New concerns are being raised about the efficacy of semaglutide on knee osteoarthritis symptoms. A discussion has emerged about the risk of sarcopenic obesity, which is more harmful for joint tissues and pain than non-sarcopenic obesity, that can develop when patients stop treatment. What do you think about this risk?
Dr. Mair: This sarcopenic weight loss is a known adverse effect associated with GLP-1s, and current investigation is being done on co-administering medicines designed to treat muscle atrophy alongside GLP-1 agonists. For example, Regeneron is testing drugs that block myostatin and activin, proteins that inhibit muscle growth in the body. Taken with semaglutide, this combination could boost the quality of weight loss while preserving lean muscle. BioAge is also testing a drug, azelaprag, that can be taken alongside Eli Lilly’s tirzepatide. Azelaprag mimics apelin, a hormone secreted after exercise that acts on skeletal muscle, the heart, and the central nervous system to regulate metabolism and promote muscle regeneration.
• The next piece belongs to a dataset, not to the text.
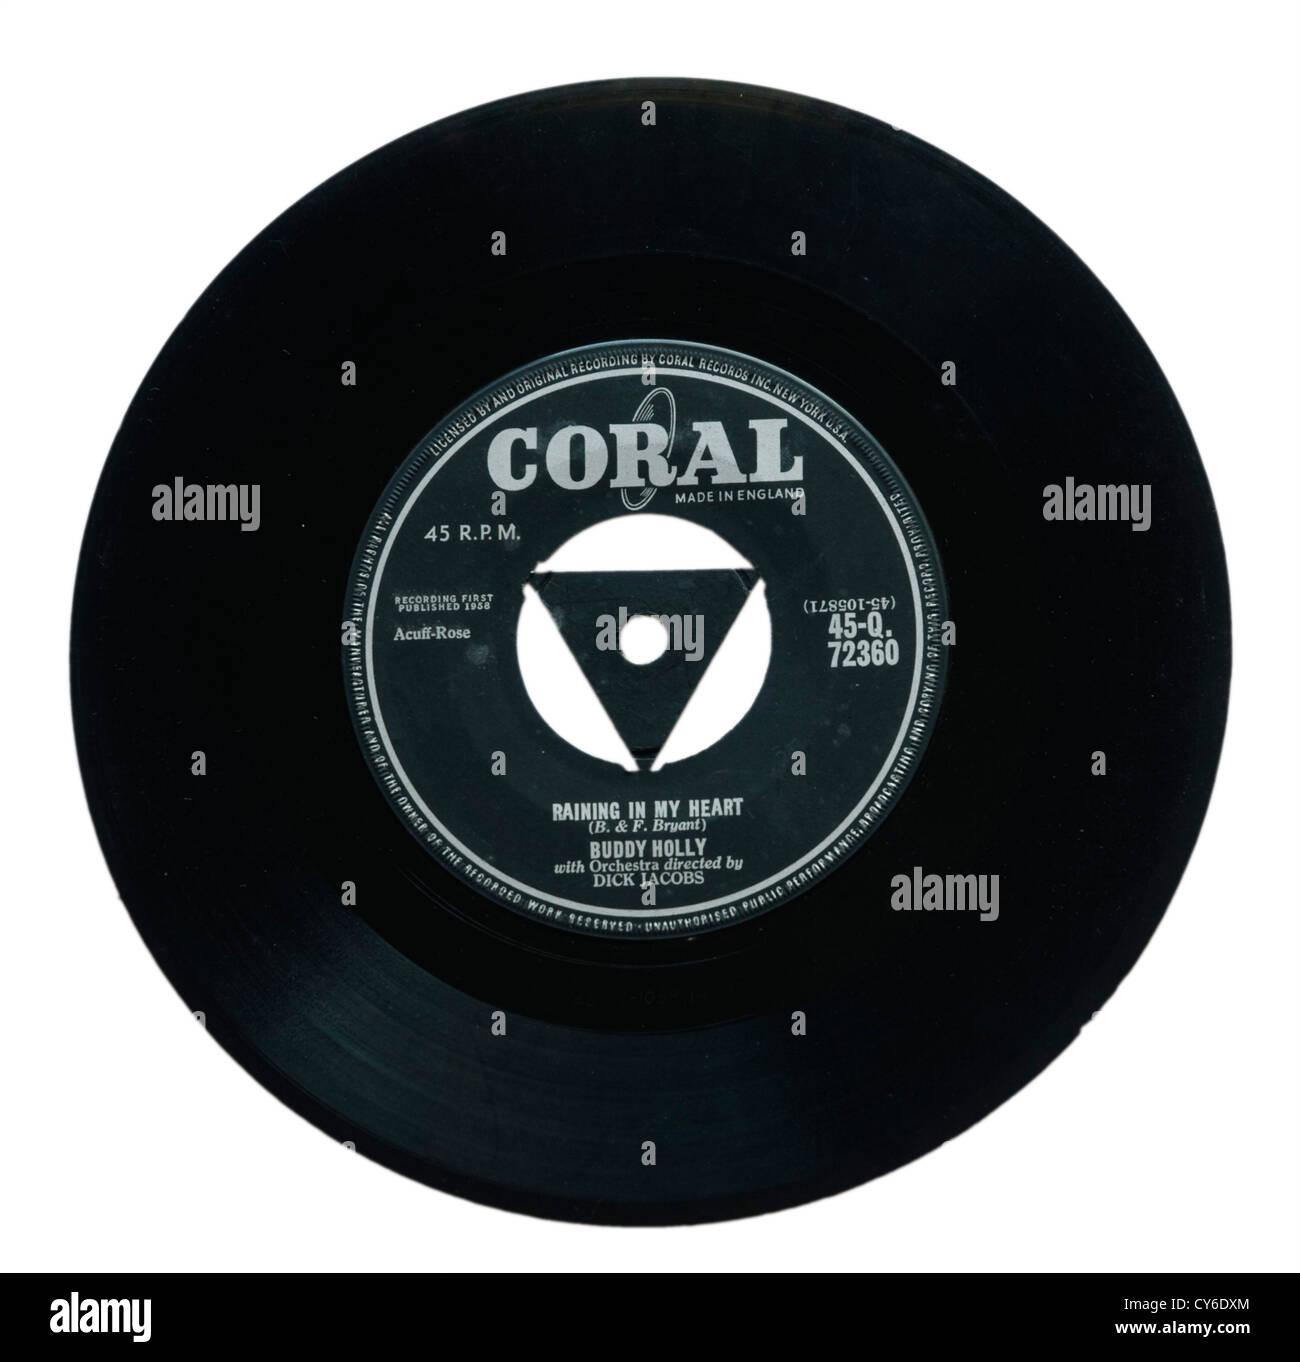 Buddy Holly Raining in my Heart single - Stock Image

In preclinical studies conducted with obese mice, the combination led to more significant weight loss than tirzepatide alone, preserving lean body tissue.
Can you comment on the benefits that are being seen linked to reduced chance of chronic kidney disease (CKD) and other conditions?
Dr. Mair: We are seeing some positive news in these areas. This year, research from Novo Nordisk showed that semaglutide may help protect kidney function and reduce complications such as chronic kidney disease (CKD) and end-stage renal disease, two known comorbidities of obesity. (2) Additionally, GLP-1 receptor agonists are showing that they can help reduce major cardiovascular events, such as heart attack and stroke. Organizations including the American Diabetes Association have recommended that physicians use GLP-1s in patients diagnosed with type 2 diabetes and concurrent cardiovascular disease for the benefits that they are providing. (3) Ultimately, these are positive steps that are showing the advantages of GLP1s in lowering mortality risk for patients.